03/06/2014 02:37 EST | Updated 05/06/2014 05:59 EDT

Scott McGillivray shares tips on 'How to Add Value to Your Home' in new book

TORONTO - You may treasure your built-in wine cooler and enjoy summertime swims in the backyard pool, but will these additions ultimately be a boon or bust in increasing your home's value?

"A question people always ask me (is): 'What should we tackle first? What will make our house worth more money? If we're going to sell, what should we do to get top dollar?'" said Scott McGillivray, star of the HGTV series "Income Property."

The real estate investor and contractor has renovated more than 250 properties across North America and maintains several rental properties. In "How to Add Value to Your Home" (Collins) due out Tuesday, McGillivray outlines the most effective ways to get a return on investment and improve properties for resale.

He writes of three keys to maximizing a home's value through improvements: the quality of the renovations; ensuring changes are in line with the property's market value; and maintaining the consistency of the space, like not adding a "flashy, high-end bathroom" into an otherwise dated home.

McGillivray said one of the simplest changes homeowners can make is with lighting, noting that installing a new fixture can "completely change a way a space feels." As he shops for properties with potential buyers, he said many get "suckered in" to looking at such details.

"They'll see a light fixture hanging in the dining room and they automatically think that dictates the rest of the home. (A) 1970s light fixture hanging in the dining area and it's like: 'Oh, this place is old.'

"The same goes for the opposite. I've walked into places where they've put a new dining room fixture in there. People come in and they go: 'Wow, this place looks great.'"

McGillivray writes that while decks used to be a "bit of an afterthought" they're now "a huge deal." He recommended spending between 2.5 and five per cent of the home's total value, and under $10,000 on a 200-square-foot model. He said the addition should be big enough for a barbecue, a table with two to four chairs and feature sufficient lighting.

McGillivray said the kitchen is the place where homeowners can spend the most and still get a good return on investment. He recommended staying in the range of five to 10 per cent of the home's current value in allocating money toward the upgrade.

He writes that changing cabinet hardware is where homeowners can get the best bang for their buck, noting that knobs and pulls are the first thing people notice and that dated, flimsy or damaged hardware can also be off-putting. McGillivray writes of his preference for laminate slab countertops which allow for more flexibility when adding a backsplash to the wall.

He outlines several "just for you choices" where homeowners shouldn't expect to recoup the full value. In the case of kitchen countertops, that includes concrete, stainless steel or tile options.

After the kitchen, he cites the bathroom as the most important room to improve the home's value. The addition of a new toilet, sink, vanity, countertop and faucets are all part of a basic upgrade, with the inclusion of a heated towel rack seen as a value adder.

McGillivray writes that fancy extras like built-in wine coolers and water filtration systems won't add value, and advises homeowners to be mindful of additional maintenance costs they may incur as a result of other changes.

In the case of a pool, he writes that there is considerable cost involved in the upkeep, with an addition also costing extra money to heat and maintain.
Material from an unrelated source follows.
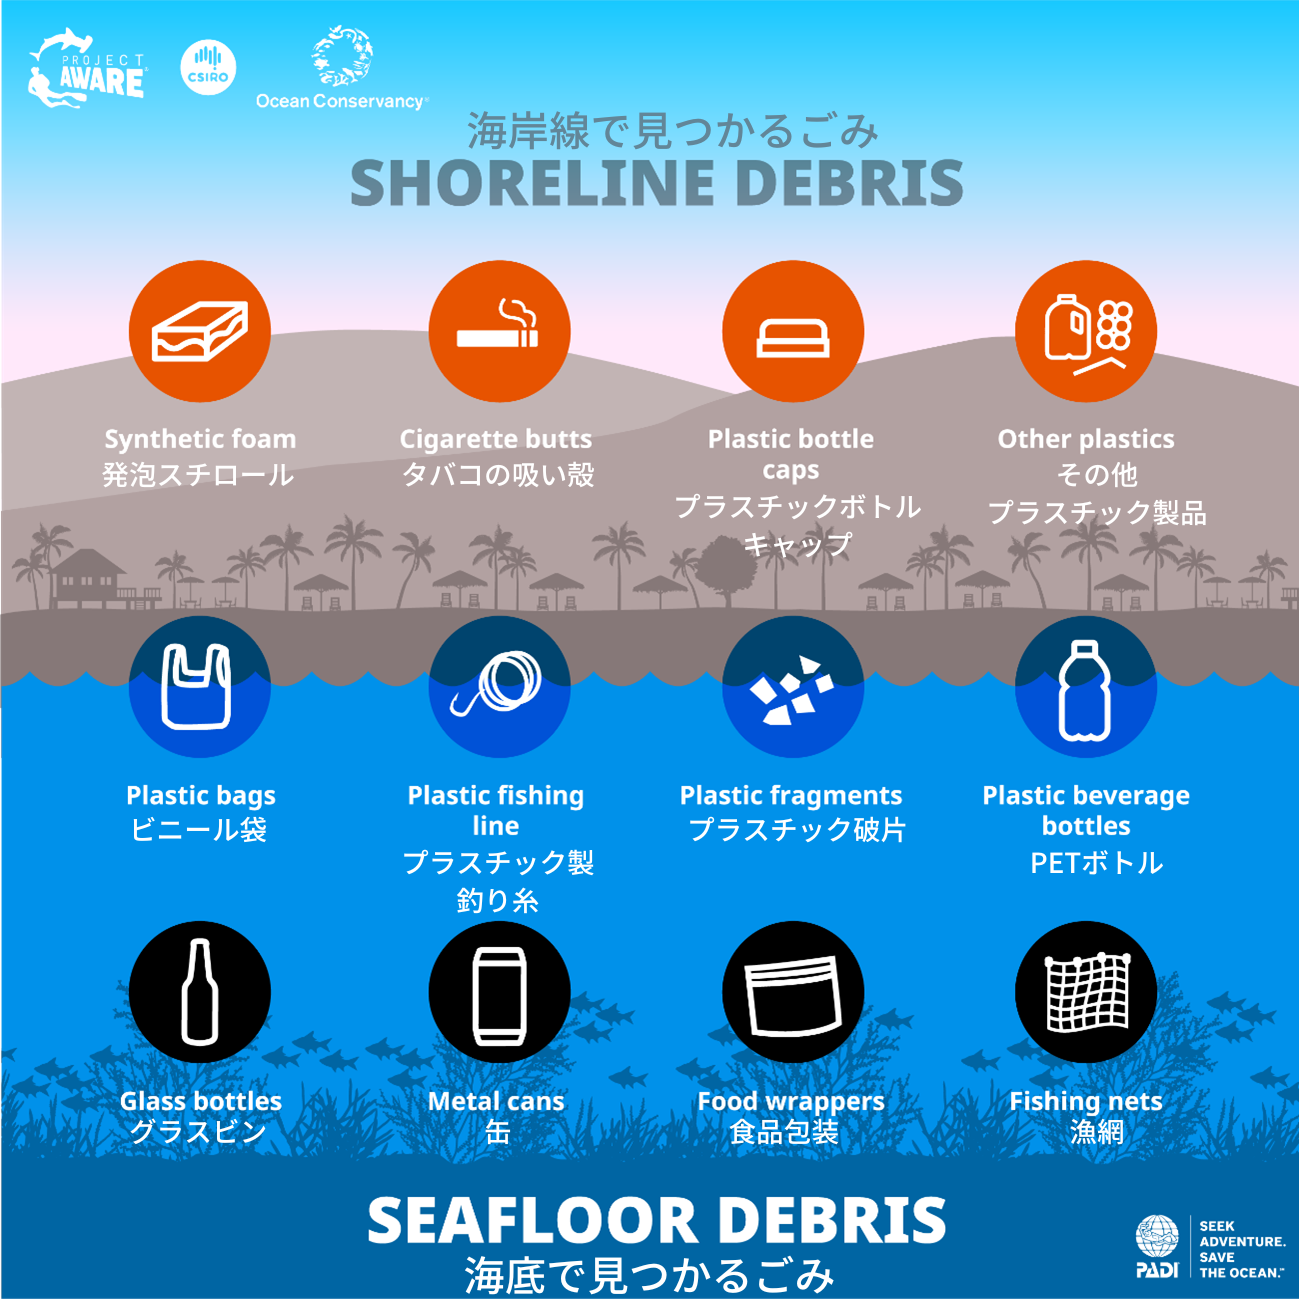 a graphic about shoreline debris and seafloor debris
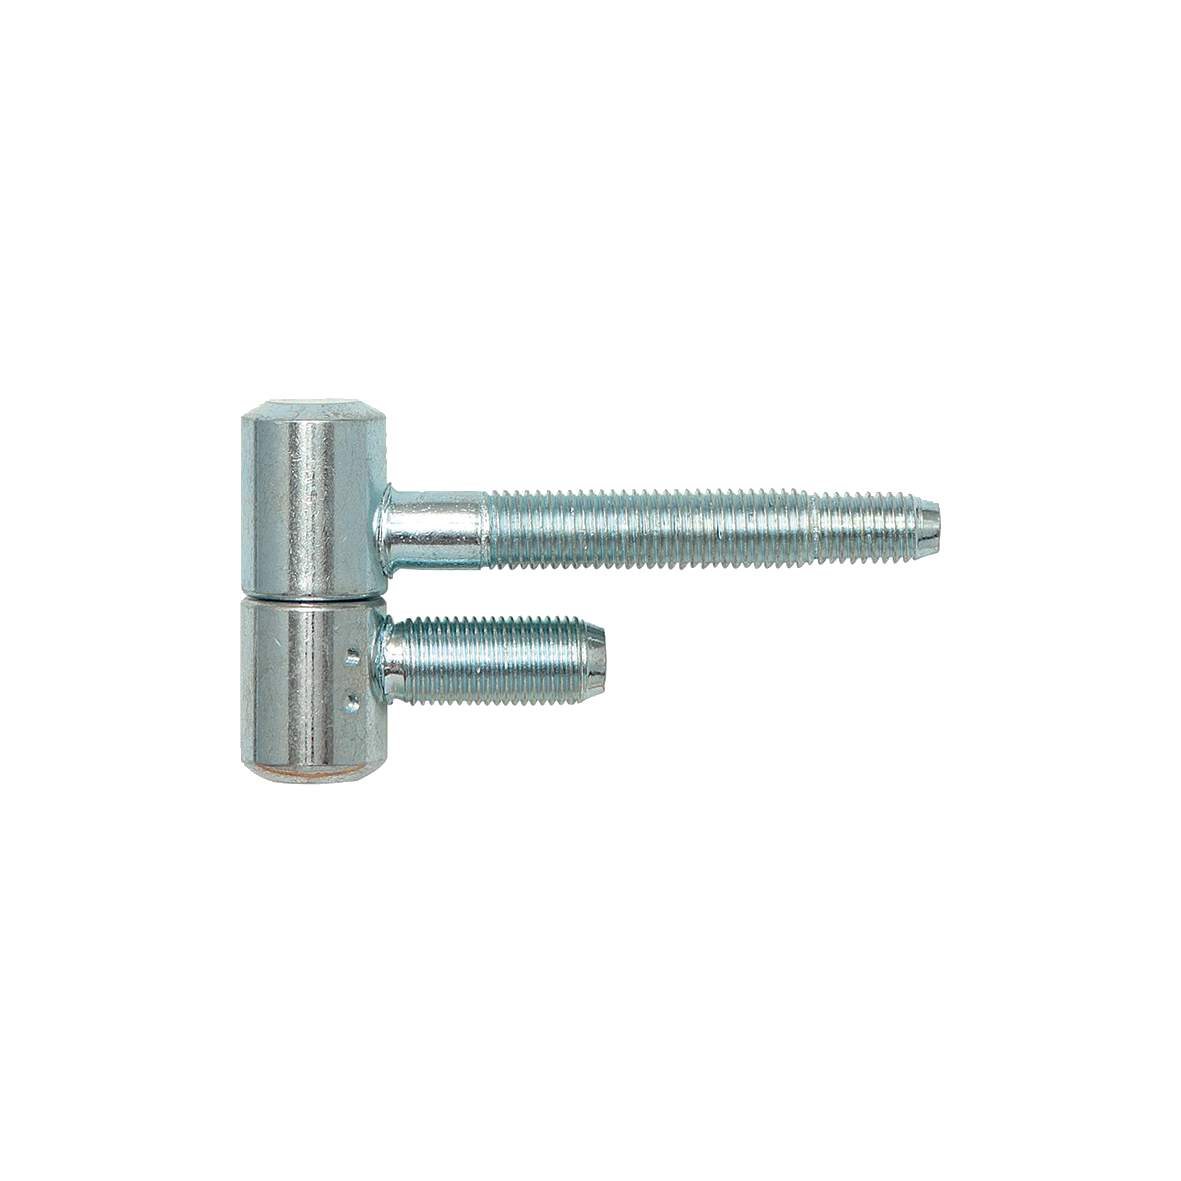 1197314 - Einbohrband Zylinder Stahl verz.16mm,f.Stahlzargen,2erSB

What's more, they may not necessarily help homeowners make a splash in resale for would-be buyers not keen on the maintenance required.

McGillivray said the purpose of the book is not necessarily to dictate to people what they can and can't do with respect to home improvements. Rather, the idea is to inform people of the possible consequences of their choices, particularly when it comes to seeking to recoup investments on personalized renos.

"People go to sell their house and (they say): 'I don't understand. We've sunk $50,000 into this addition and nobody's giving us offers that are high enough.' Well, I'm going to let you know that those are the types of investments that are sunk costs, and they're for your own personal gain."

While income suites can be a pricey home improvement, the greatest return they offer is the potential for long-term cash flow, McGillivray noted, adding that it's been a lot easier for him to sell multi-unit properties than single-family homes.

If comparing two properties each listed for $500,000 — one a single-family home, the other with an income suite that brings in $800 monthly in rental fees — property B is the clear winner.

"The property with the income suite in the basement will be accessible to many more buyers because it has qualified income. So if you don't qualify for a $500,000 mortgage, you may qualify for a $500,000 mortgage with an extra $800 in income."

McGillivray acknowledged that there may be homeowners who want to make amendments but only have hundreds versus thousands of dollars to spend. Painting, changing light switches, replacing bedroom and entry doors, putting up window coverings or caulking baseboards are potential options.

"Those small things might help on the value (of your home) if you're kind of struggling to work with a really small budget."